P. P. S. I understand, why lazy foldl is default in haskell. I don't ask anybody to move the mountain and make strict version as default. I am just really interested in examples of exclusive usage of foldl function :)

P. P. P. S. Well, any interesting usage of foldl is welcome.

2
Instead of just avoiding undefined, you could also use foldl to avoid potentially expensive operations. If your folding function exits early on a successful operation, then you can avoid performing expensive computations through laziness. There might be more clear ways to write it (monoids spring to mind), but folds can be nice for compiler optimizations.bheklilr
Yes, I was thinking about this. But can't imagine a good example of such a function.d12frosted

2 Answers

13
votes

Here's a more practical example using the classic naive Fibonacci implementation to simulate an expensive computation:

fib :: Int -> Int
fib 0 = 1
fib 1 = 1
fib n = fib (n - 1) + fib (n - 2)

f :: Int -> Int -> Int
f a b = if b < 1000 then b else min b a

Then if you had

> -- Turn on statistics for illustrative purposes
> :set +s
> foldl f maxBound $ map fib [30, 20, 15]
987
(0.02 secs, 0 bytes)
> foldl' f maxBound $ map fib [30, 20, 15]
987
(4.54 secs, 409778880 bytes)

Here we have a drastic difference in runtime performance between the lazy and strict versions, with the lazy version winning out by a landslide.
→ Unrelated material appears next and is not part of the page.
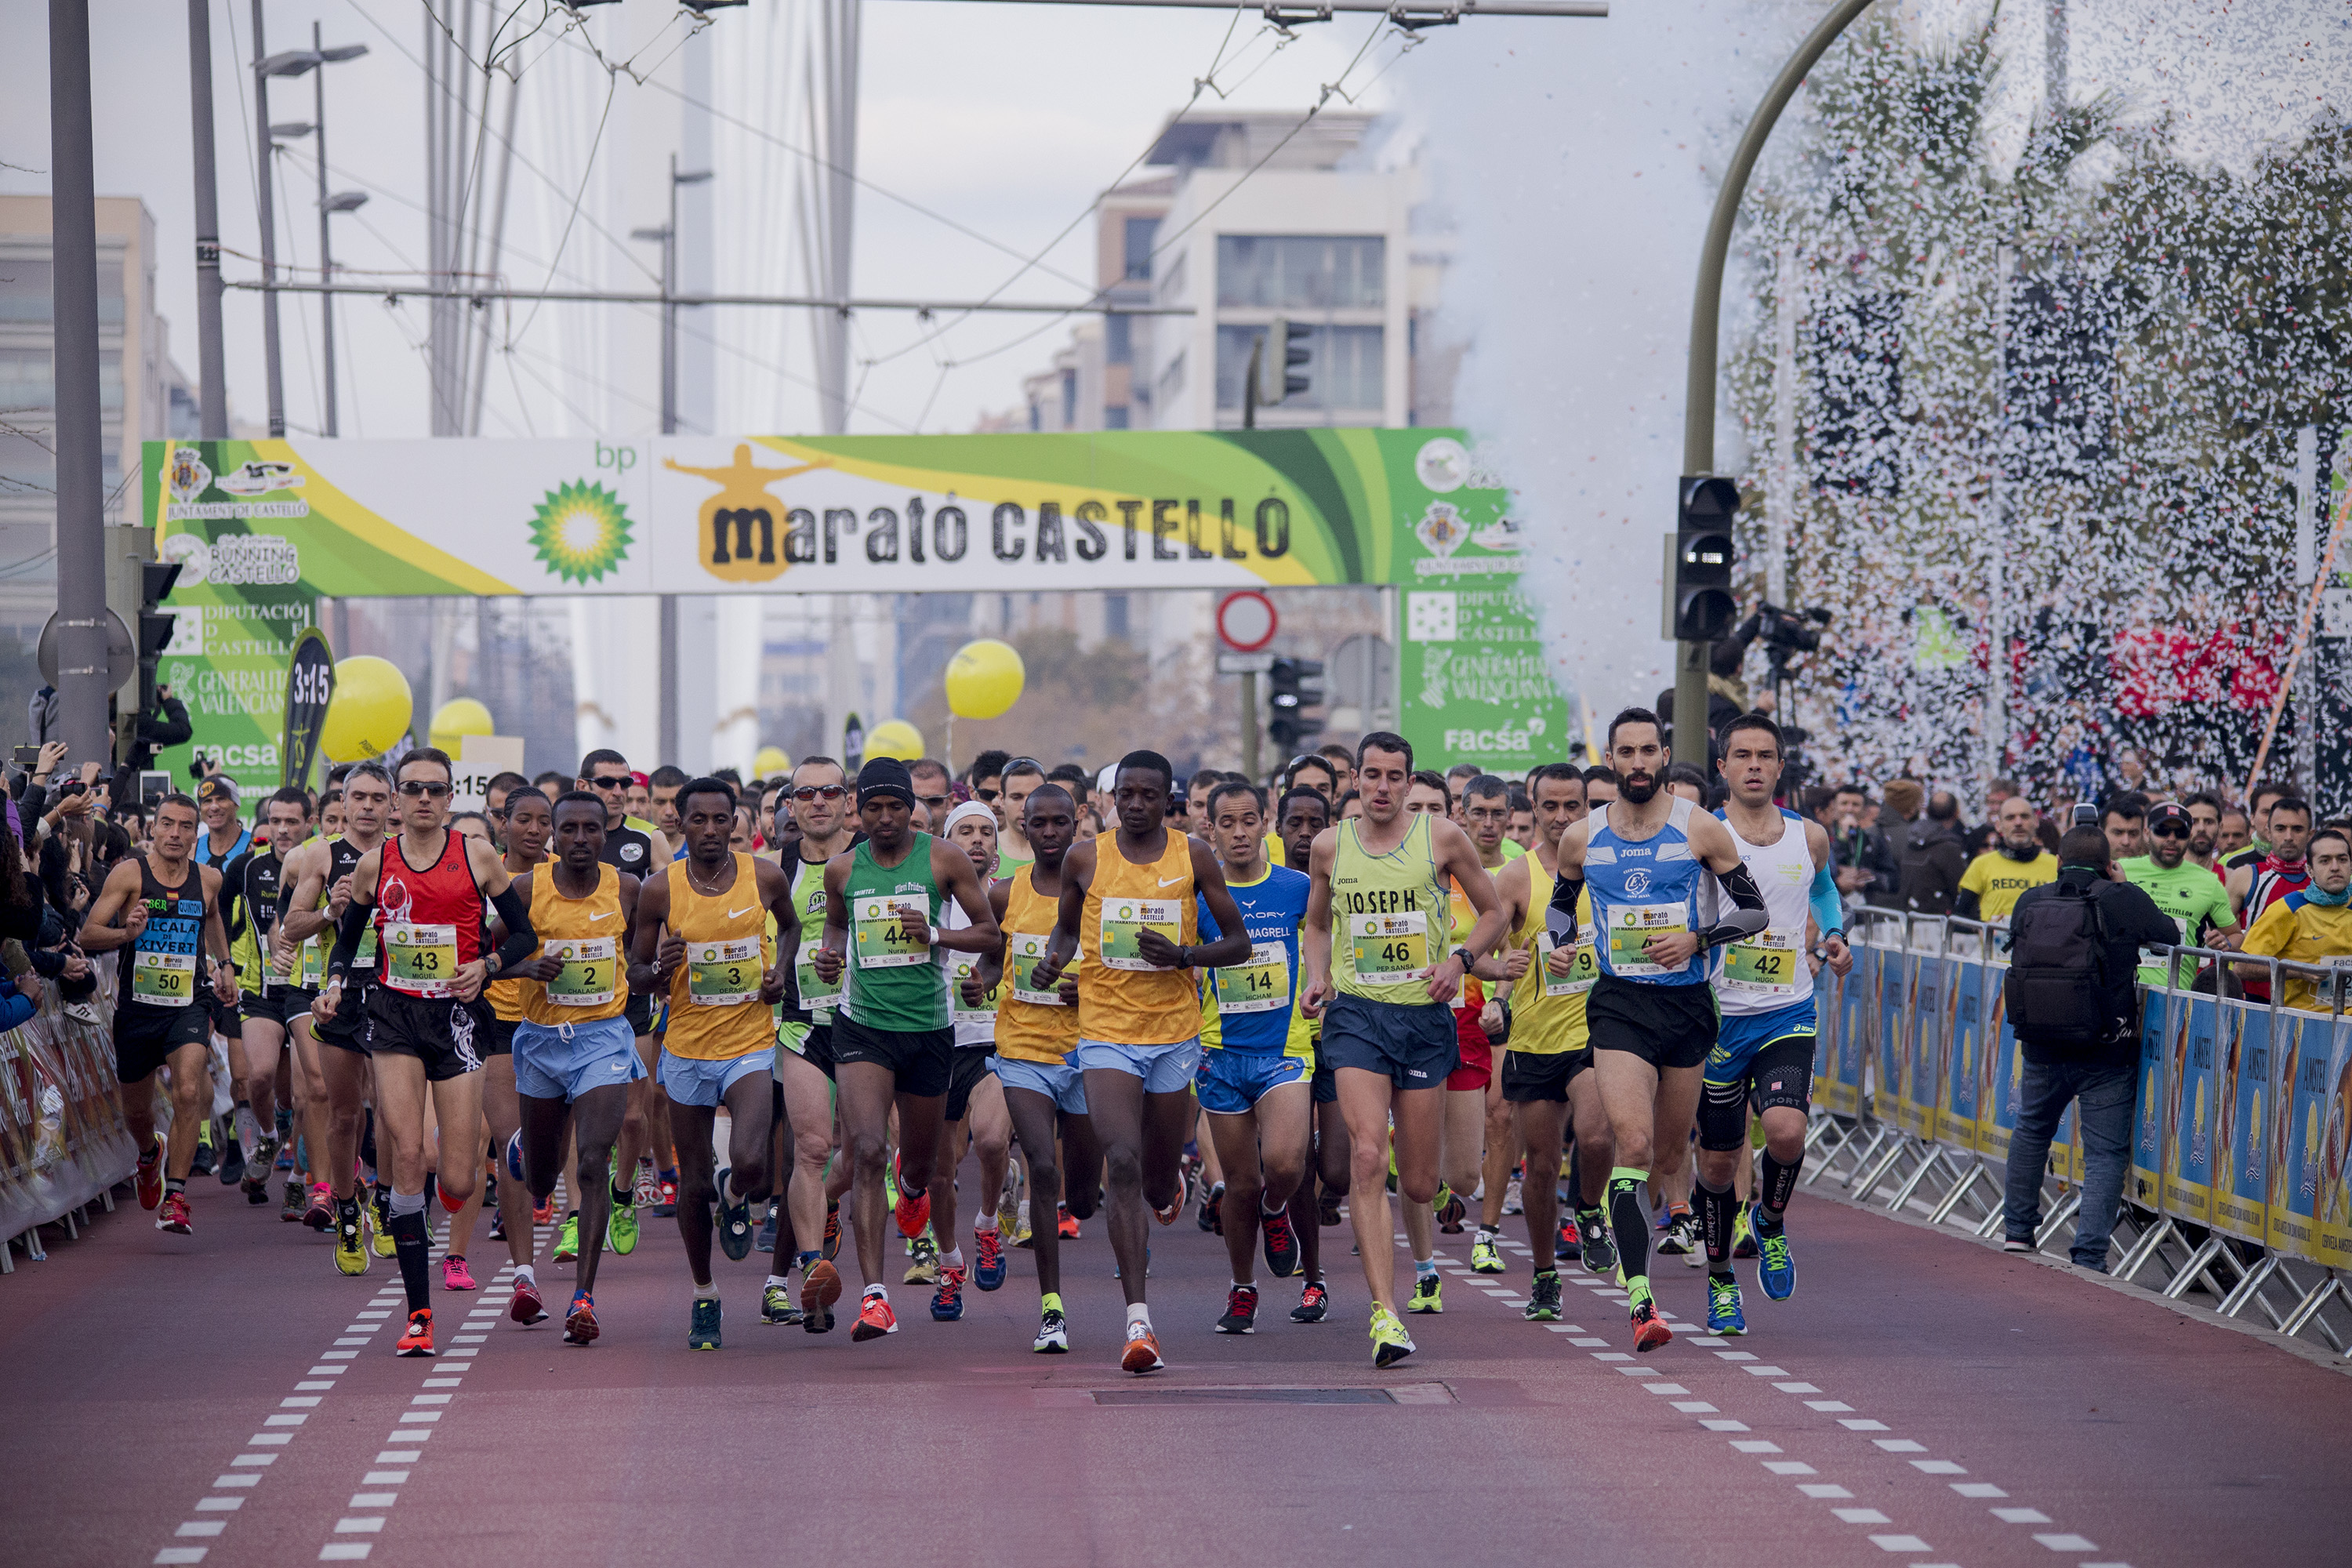 20160730 eixida marato(1).jpg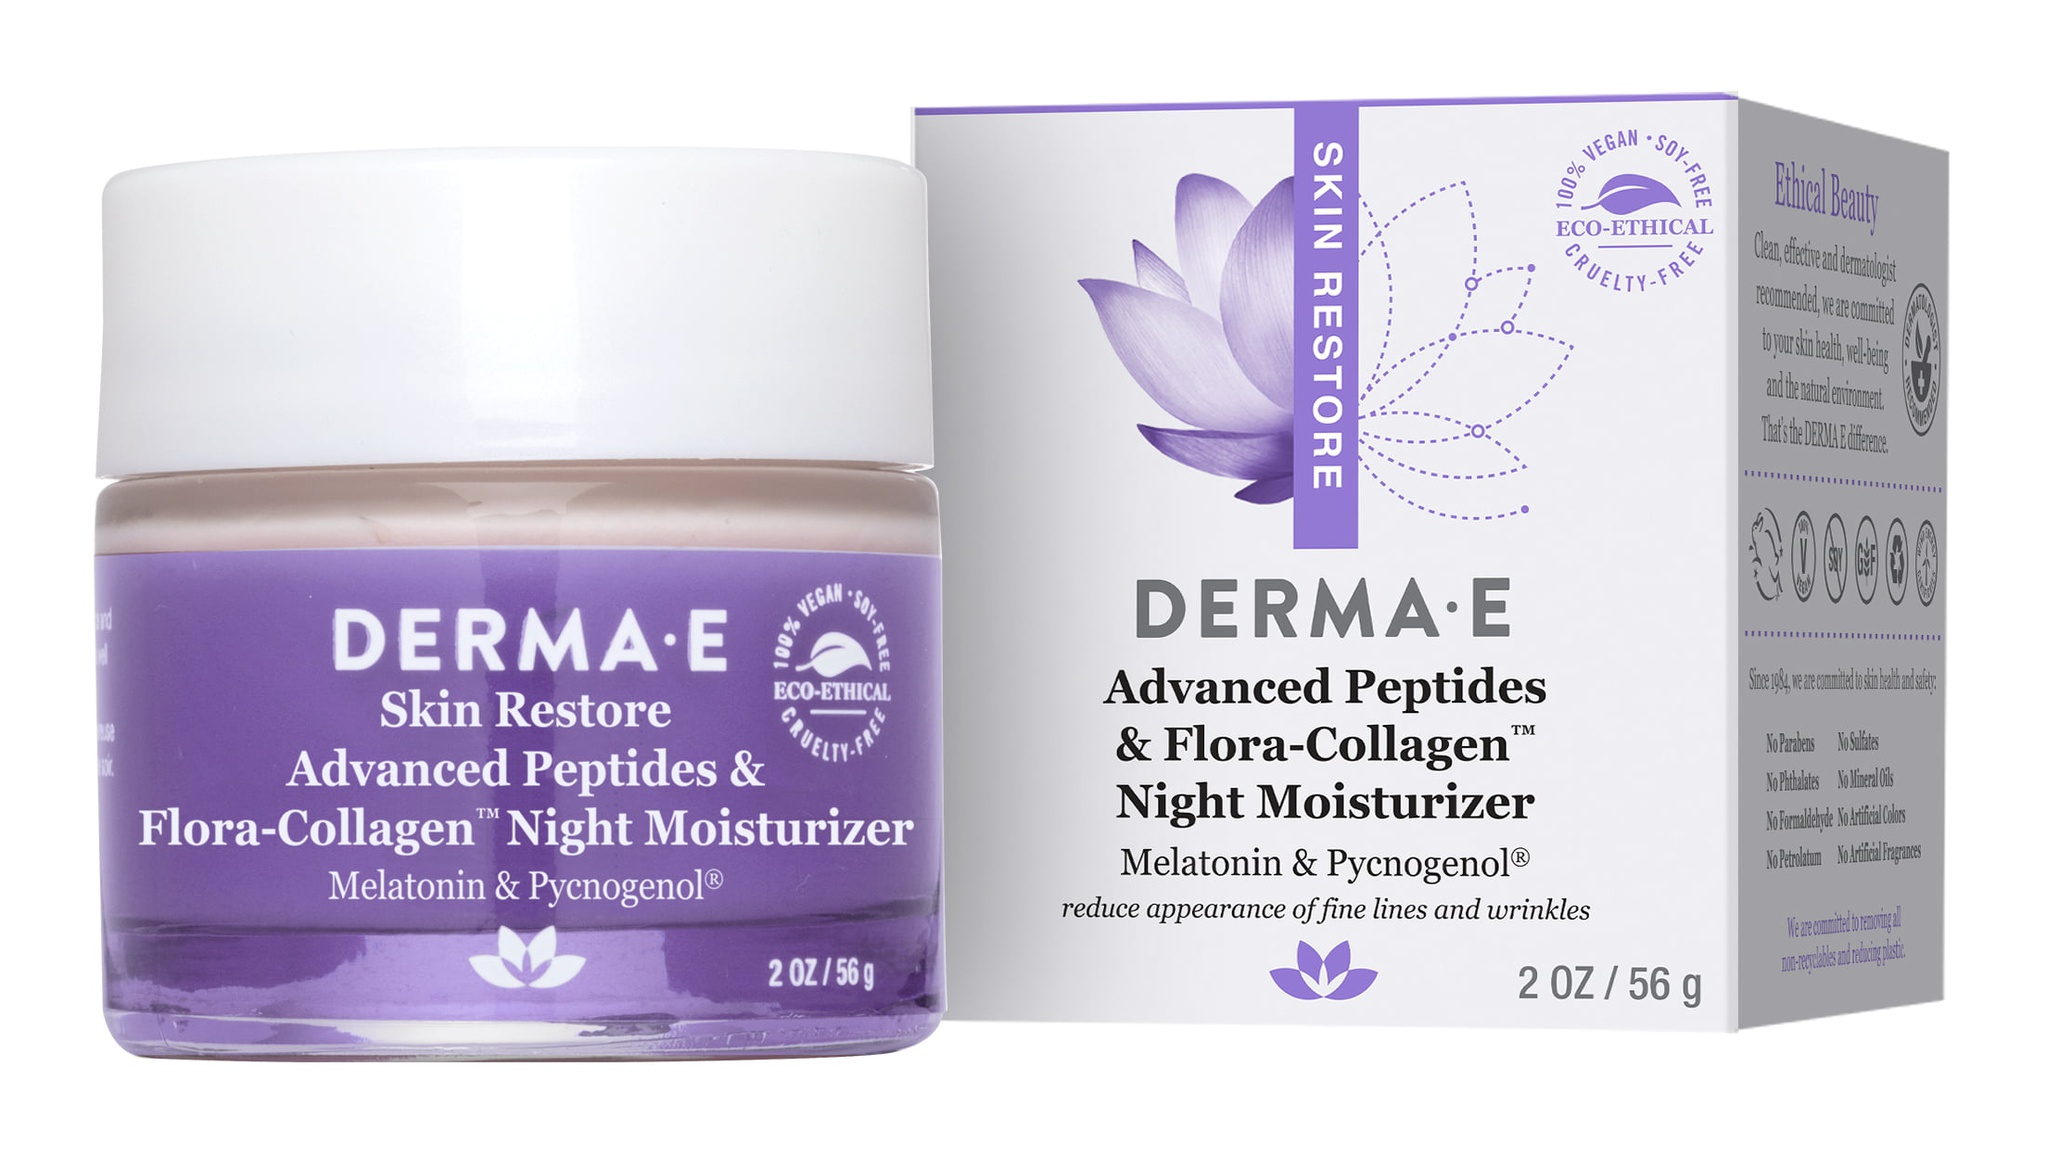 Derma E Advanced Peptides & Collagen Night Face Moisturizer

Your numbers may vary for your computer of course, but you'll definitely notice a difference in execution speed. The foldl' forces each computation to occur, while foldl does not. This can also be useful on something like

> foldl f maxBound $ map length [repeat 1, repeat 1, replicate 10 1]
10

Unlike the fib example, this computation technically involves bottom since length $ repeat 1 will never finish its computation. By not having both arguments to f be strict (as foldl' does), we actually have a program that halts versus one that never will.

5
votes

I can think of one (although it might be that this yields good code only with an optimizing compiler):

last = foldl (\_ x -> x) (error "emptyList")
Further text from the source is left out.